Data concerning climate change and other contentious issues is at the core of the data preservation efforts as the new Trump administration has said it plans to slash funding at the Environmental Protection Agency.

“It’s only been a couple of days, but we’re expecting for radical change to happen in terms of data availability online,” Michelle Murphy, director of U of Toronto’s Technoscience Research Unit, told the Toronto Star shortly after the inauguration.

“We’re already seeing muzzling of scientists. We’re seeing the signals that they basically want to get rid of the research mission of the EPA.”

Already there are concerns that information the government has on Russian involvement in the presidential election may be at risk. It may be why, as The New York Times reported today, the Obama White House officials “scrambled to spread information about Russian efforts to undermine the presidential election — and about possible contacts between associates of President-elect Donald J. Trump and Russians — across the government.”

“At the Obama White House, Mr. Trump’s statements stoked fears among some that intelligence could be covered up or destroyed — or its sources exposed — once power changed hands. What followed was a push to preserve the intelligence that underscored the deep anxiety with which the White House and American intelligence agencies had come to view the threat from Moscow,” the NYT said in its report.
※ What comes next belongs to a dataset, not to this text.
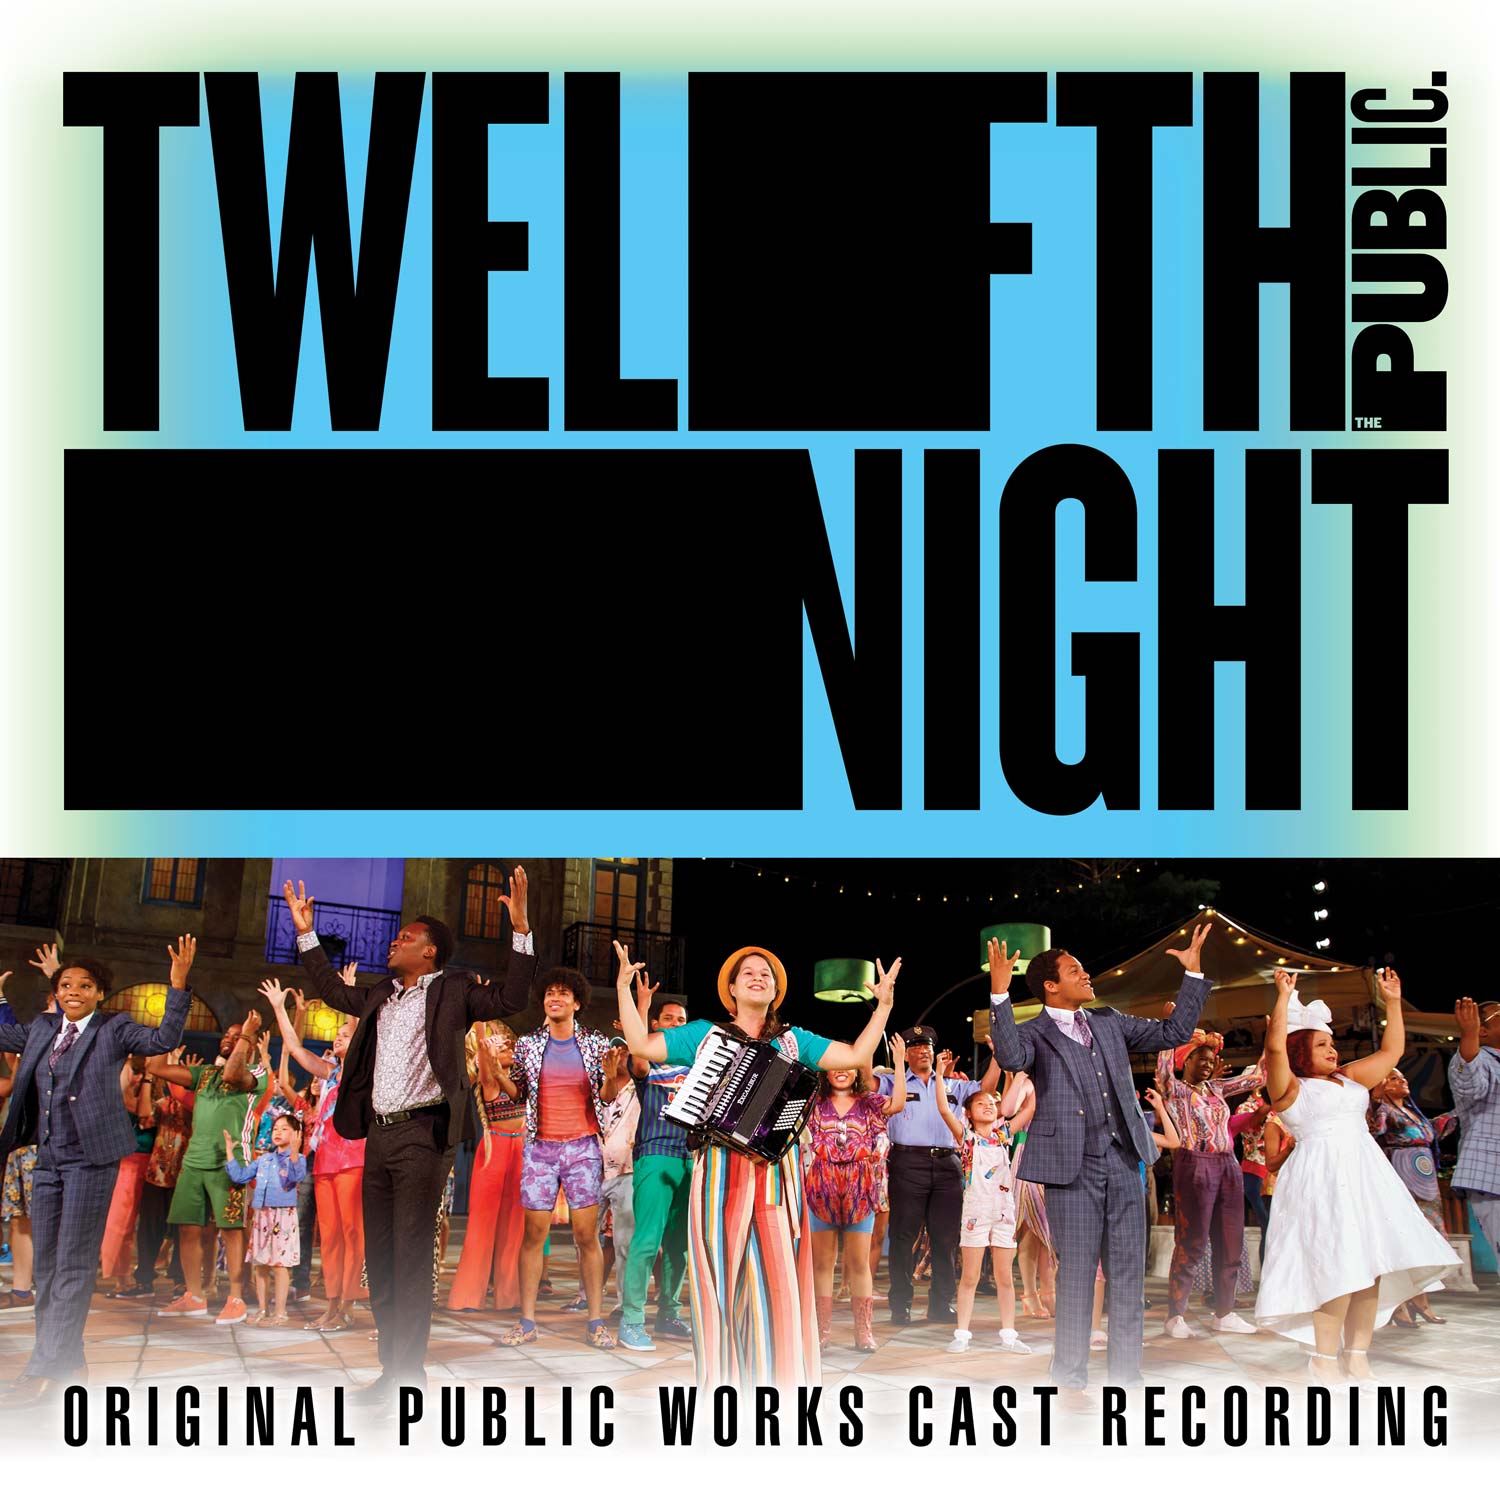 Featured image for “TWELFTH NIGHT (ORIGINAL PUBLIC WORKS CAST RECORDING) [CD]”

Dissemination and publication protects content, vital data. It is, possibly, the best argument newspapers have in their battle with Republican controlled state governments to preserve the requirement that public notices be publishing in newspapers. Yes, that public notice revenue may be important to some smaller newspapers, but it is the act of publishing with a third party that encourages government transparency and data preservation.

“As a local and state government official, I want the public to have as much information as possible. It doesn’t matter if they gather their information from a government website or if they read it in the public notice section of the local newspaper,” said Rep. Todd Novak in a column today in the Green Bay Press Gazette.

“In many areas of the state, newspapers are the lifeblood of a community and sometimes the only convenient source of information. By allowing the electronic option, we are cutting off a source of information to our constituents, our taxpayers, and the people who hold us accountable. At this time, the savings obtained by not publishing notices does not outweigh the public’s right to know.”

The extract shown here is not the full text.